** GOAL OF THE EXERCISE **
Go to the line with "Un Sikorsky S-76c" in the material below and copy from there through the line with "HOT Judas Priest", exactly. Pictures are not copied.
*** Opening of INPUT DATA ***
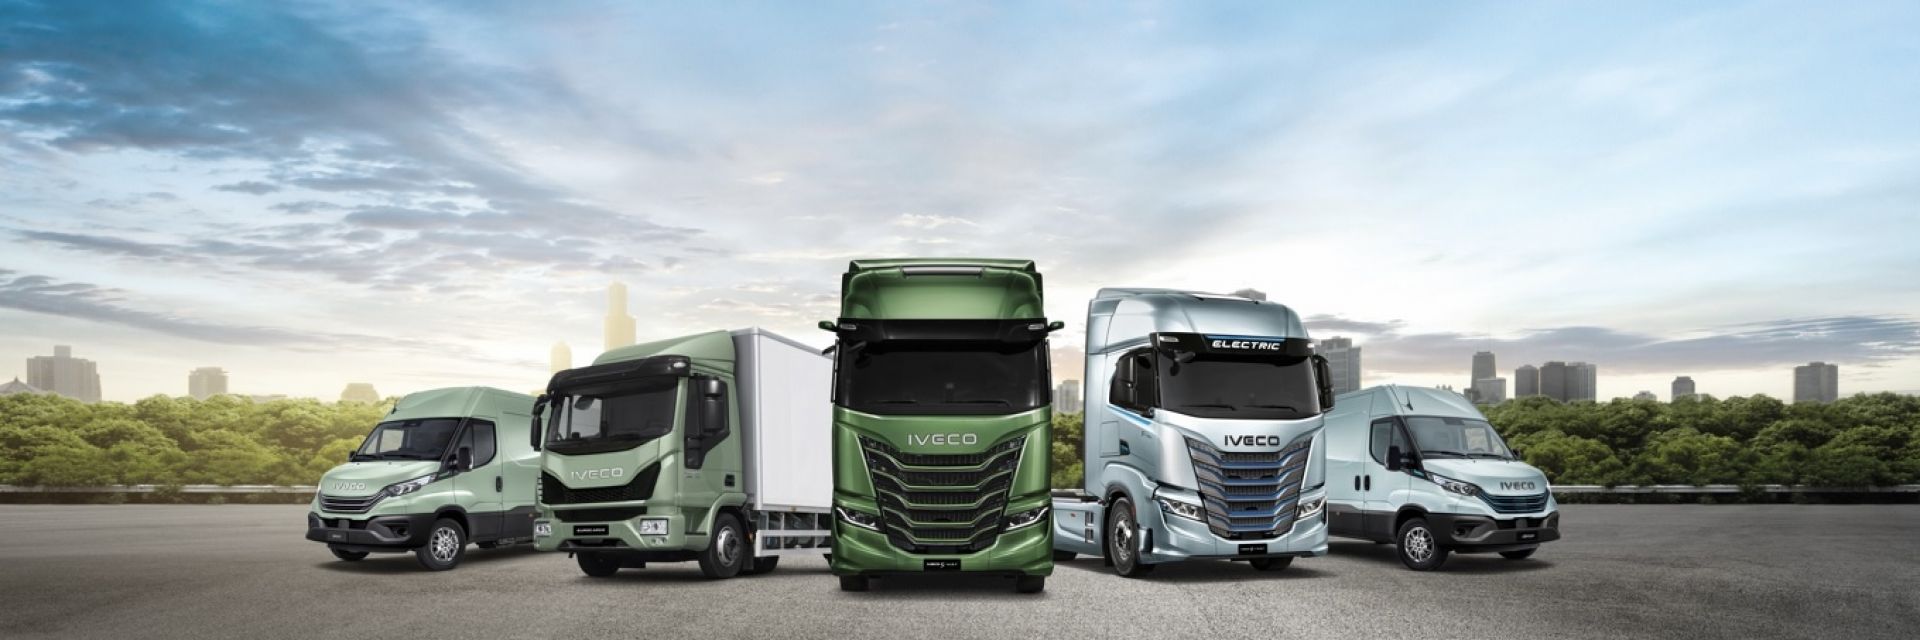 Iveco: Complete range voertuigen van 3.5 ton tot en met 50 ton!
*** Close of INPUT DATA ***
*** Opening of INPUT DATA ***
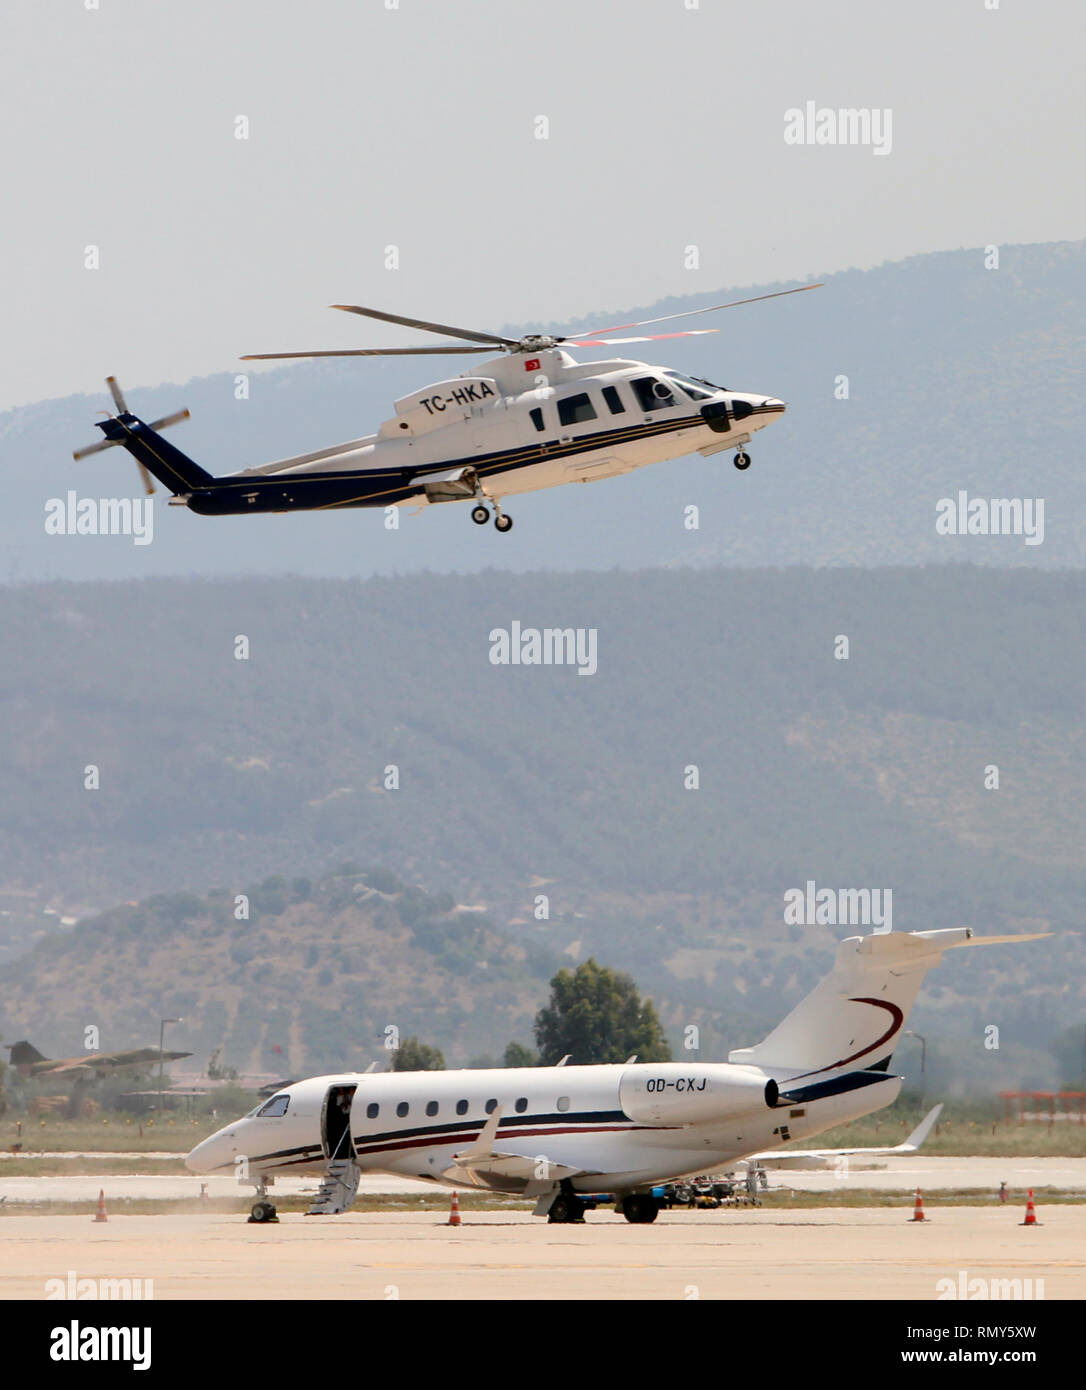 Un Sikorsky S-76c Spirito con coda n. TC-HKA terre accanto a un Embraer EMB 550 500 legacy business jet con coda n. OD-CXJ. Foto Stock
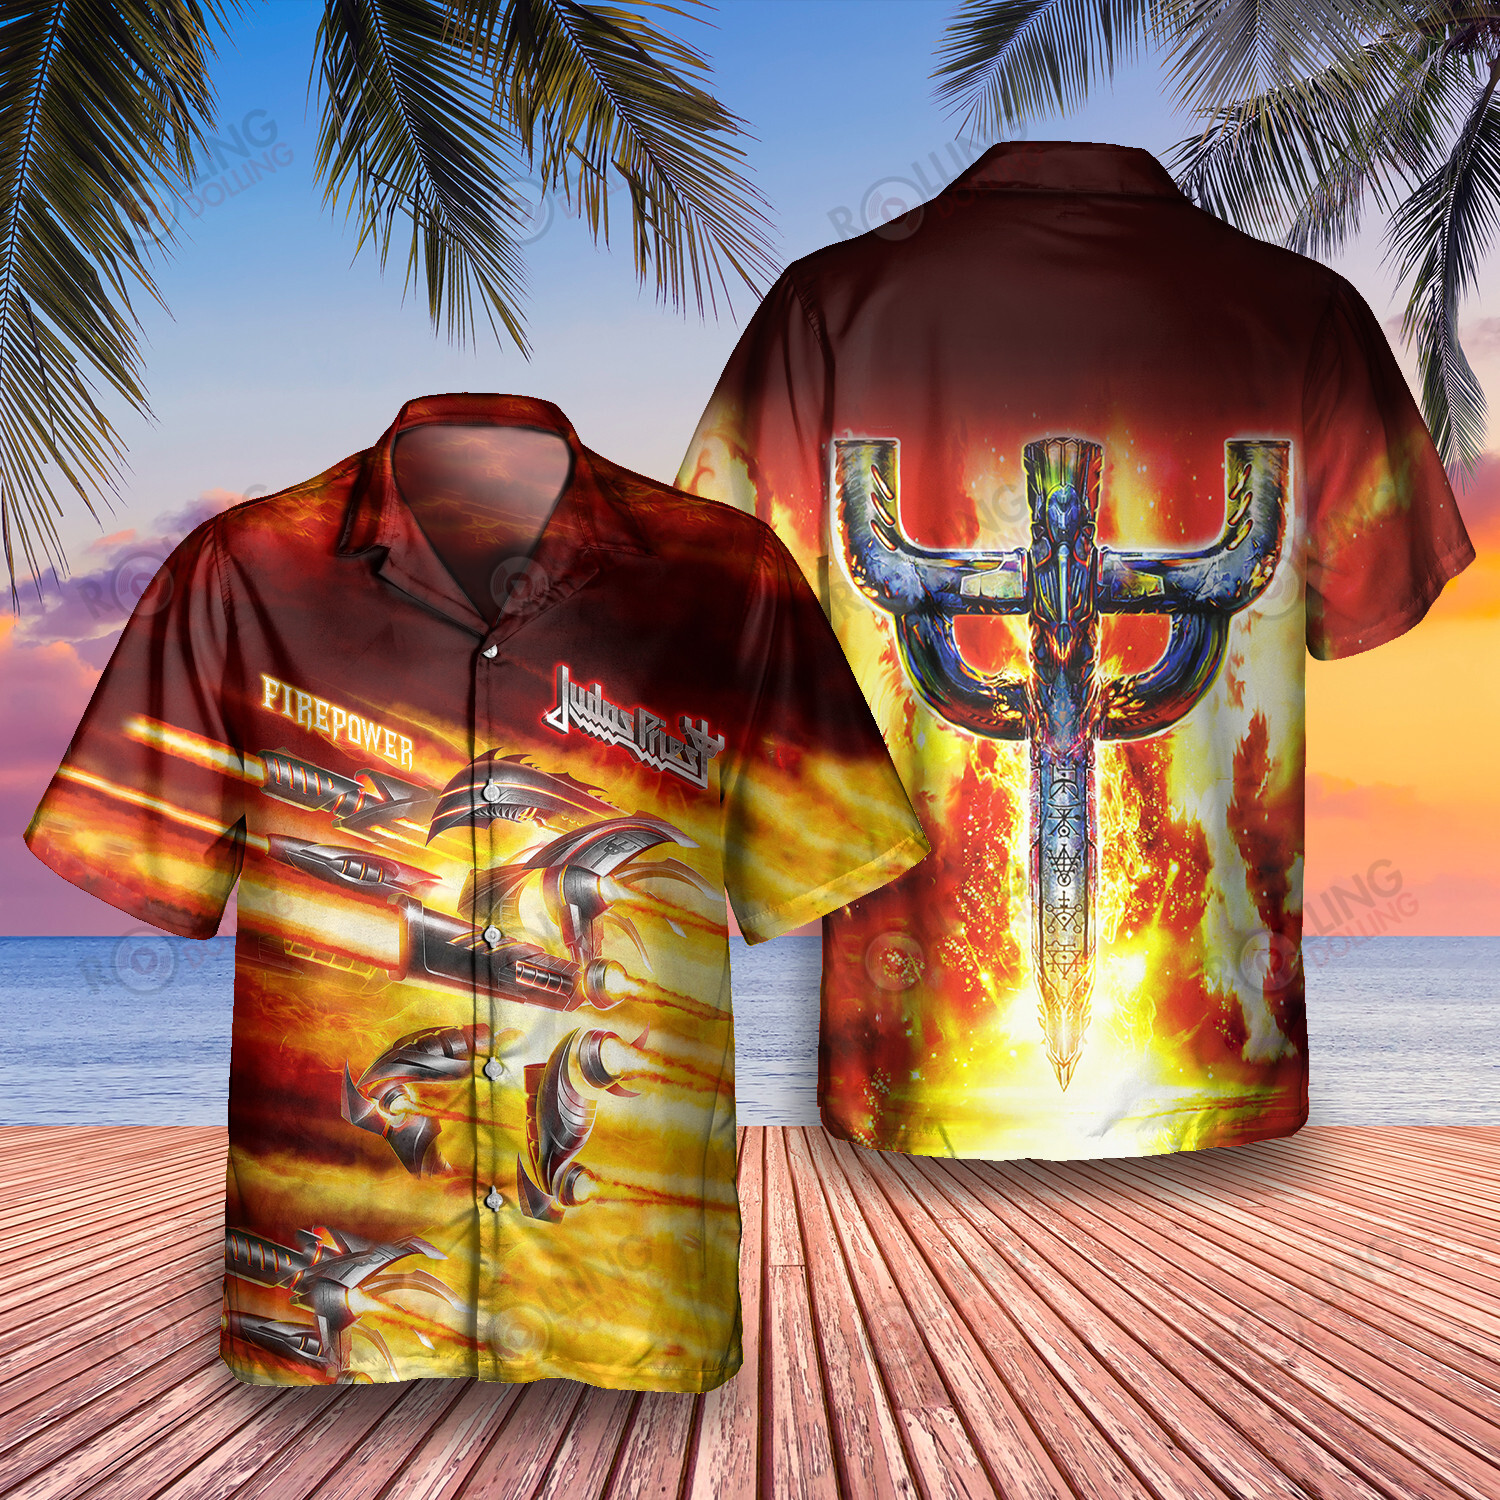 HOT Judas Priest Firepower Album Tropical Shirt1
*** Close of INPUT DATA ***
*** Opening of INPUT DATA ***
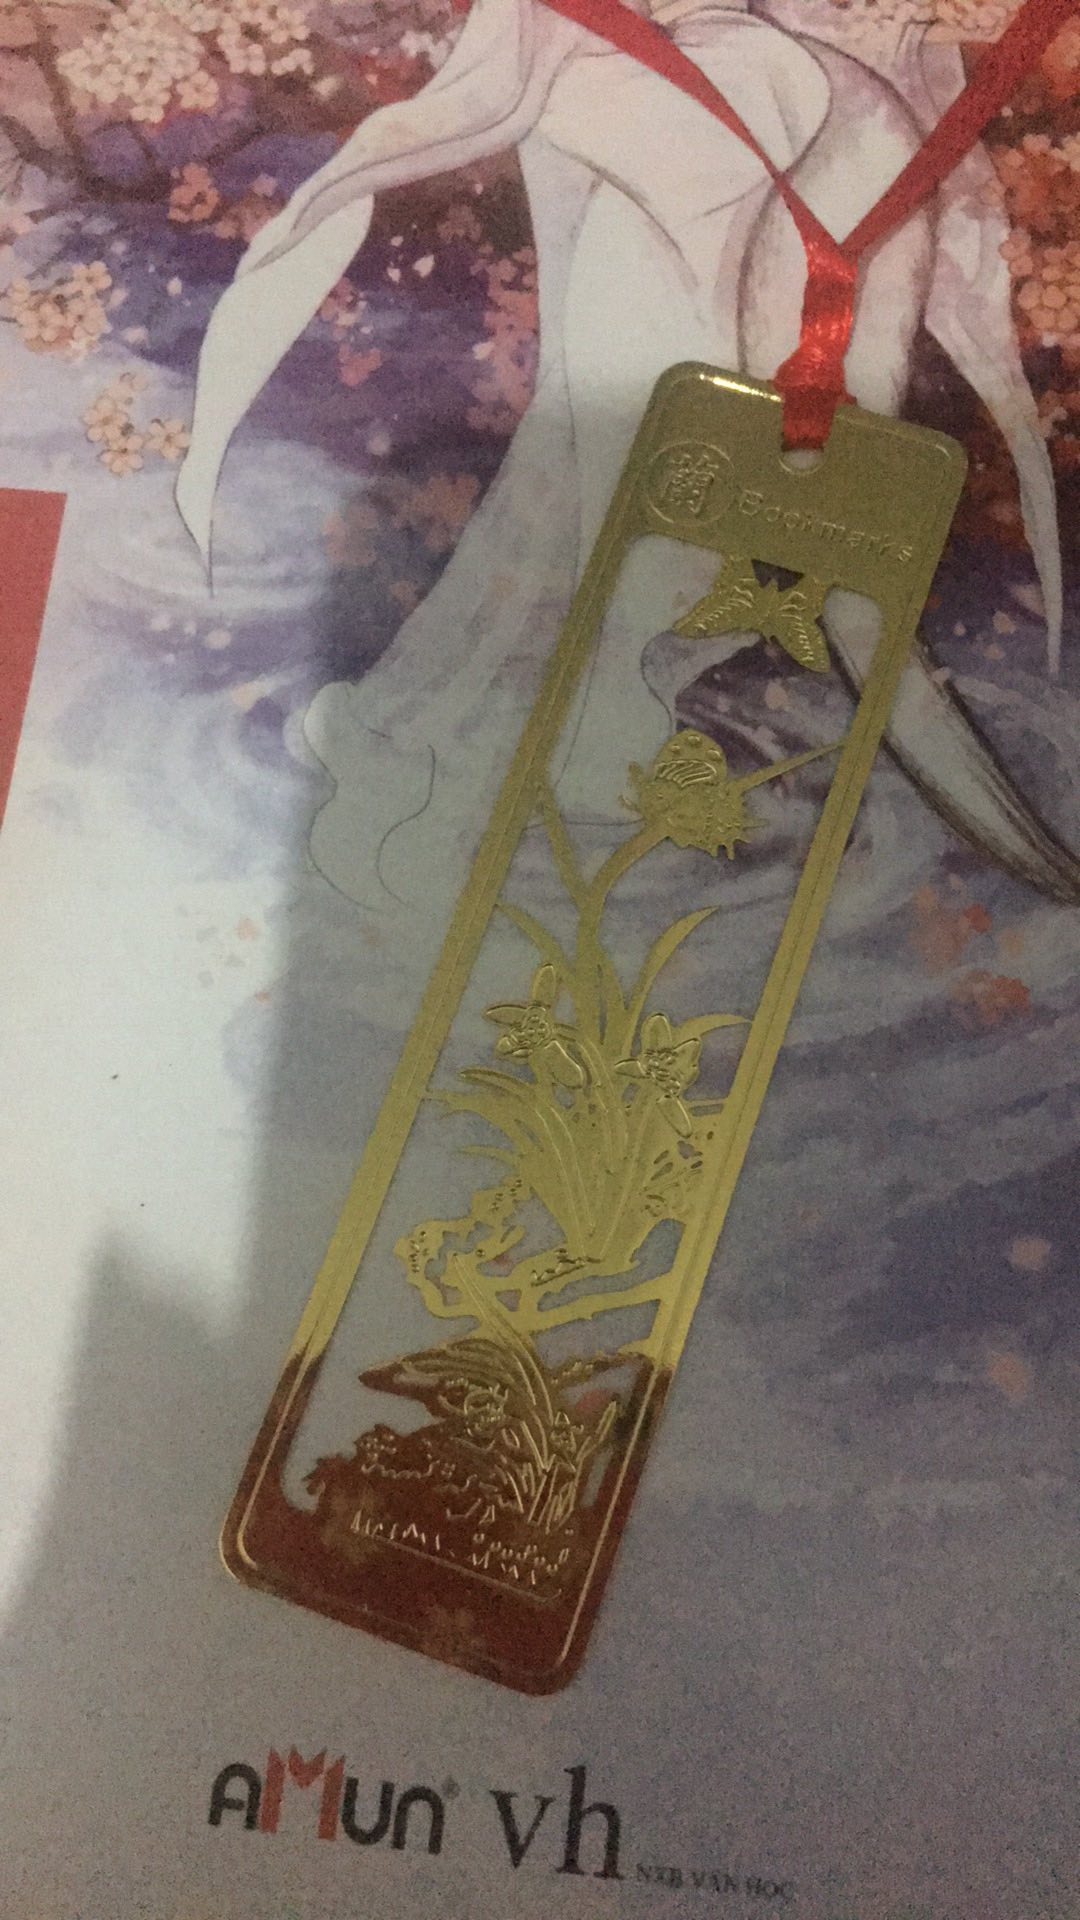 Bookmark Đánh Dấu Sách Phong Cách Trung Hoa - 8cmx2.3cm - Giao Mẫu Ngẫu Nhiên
*** Close of INPUT DATA ***
** TASK SOLUTION **
 Un Sikorsky S-76c Spirito con coda n. TC-HKA terre accanto a un Embraer EMB 550 500 legacy business jet con coda n. OD-CXJ. Foto Stock
 HOT Judas Priest Firepower Album Tropical Shirt1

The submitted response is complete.